Sunday, November 3, 2019

MMGM: More to the Story by Hena Khan

**May Contain Spoilers**
This re-imagining of Louisa May Alcott's 1868/69 novel Little Women has been wonderfully updated for today's readers. It is still the story of the four sisters and their parents, the Mirza family of Pakistani Americans Muslims, no longer living in 19th century New England, but in present day Atlanta, Georgia. And hurray, Laurie isn't gone either, he is now a British Pakistani boy named Ali, 14, sent to the US from London by his mother, who hopes to soon follow him to Atlanta with his sister. Ali is  living with the honorary Auntie and Uncle of the Mirza sisters.

The novel is narrated by Jameela, 13 and an aspiring writer and author of a family newsletter called Mirza Memos and hoping to be the new Editor of the school newspaper. The story begins on Eid, and Jam, sisters Aleeza, 10, Bisma, 11, and Maryam, 15, are upset at the news that their father won't be there for the first time. Baba had recently lost his contract job at the Center for Disease Control and was in Maryland for an interview.

The good news for the family is that Baba does get a job - the family really needs the income, but it's setting up a hospital in Abu Dhabi, meaning he will have to live there for the length of his contract. The not-so-good news for Jam is that she's named Features Editor of the school paper, and her nemesis Travis is named Editor. Jam has always wanted to be an awarding winning journalist like her dada was, hoping to make her own father as proud of her as he was of his father. Since Jam and Ali are in the same school, she decides to do a interview with him for the paper. It's a great piece, within from a particular point of view, but using some off-the-record comments Ali made to her in confidence. Jam has to rewrite the article, leaving out those comments, but when the first article is inadvertently published, she has some hard lessons to learn about journalism and ethics. And now, Ali won't return her apology text messages.
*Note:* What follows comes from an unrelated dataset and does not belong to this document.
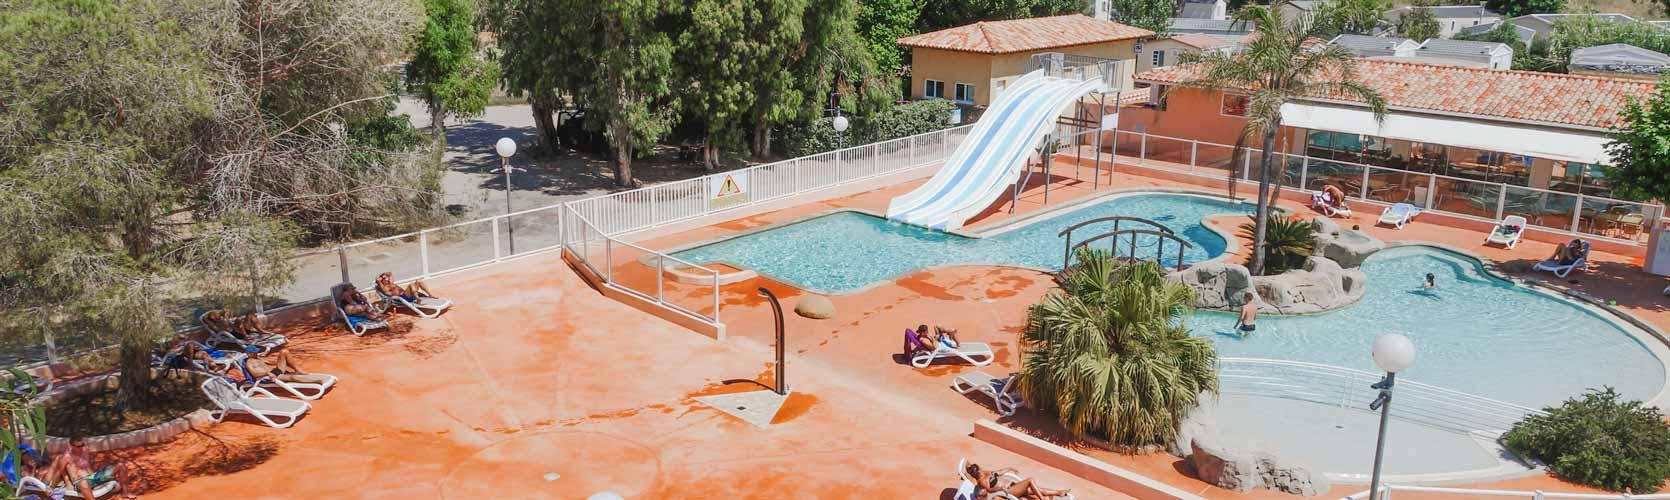 camping en corse avec piscine à Calvi

Meanwhile, Bisma, who shares a room with Jameela, begins complaining of a lump in her neck. When it's diagnosed as leukemia, the family really pulls together while she is undergoing treatment. Not knowing what to do about Bisma, Jam sets up a blog on the CaringBridge website, enabling her to "keep a [private] journal, get comments from people who follow you, organize help with meals and rides and more." (pg 191) Slowly, Jam realizes that perhaps winning awards isn't as important as recording her sister's "journey to life" (pg 238) and subsequently making a difference for kids with cancer.

Oh, I just loved reading More to the Story. I loved the parallels to Little Women, so much came back to me despite not having read it since about 4th grade. But more importantly, I loved the differences, beginning with the wonderful close-knit Mirza family and Jam as a deliciously flawed protagonist. Yet, despite the trouble it causes, her article,  for the school paper, especially, has something to teach us all about how important our words are: "...[kids']words can make as much of a difference as adults' do - if we can get an audience that's bigger than our teachers and parents." (pg. 89) Now, that audience would be the young readers discovering this wonderful novel.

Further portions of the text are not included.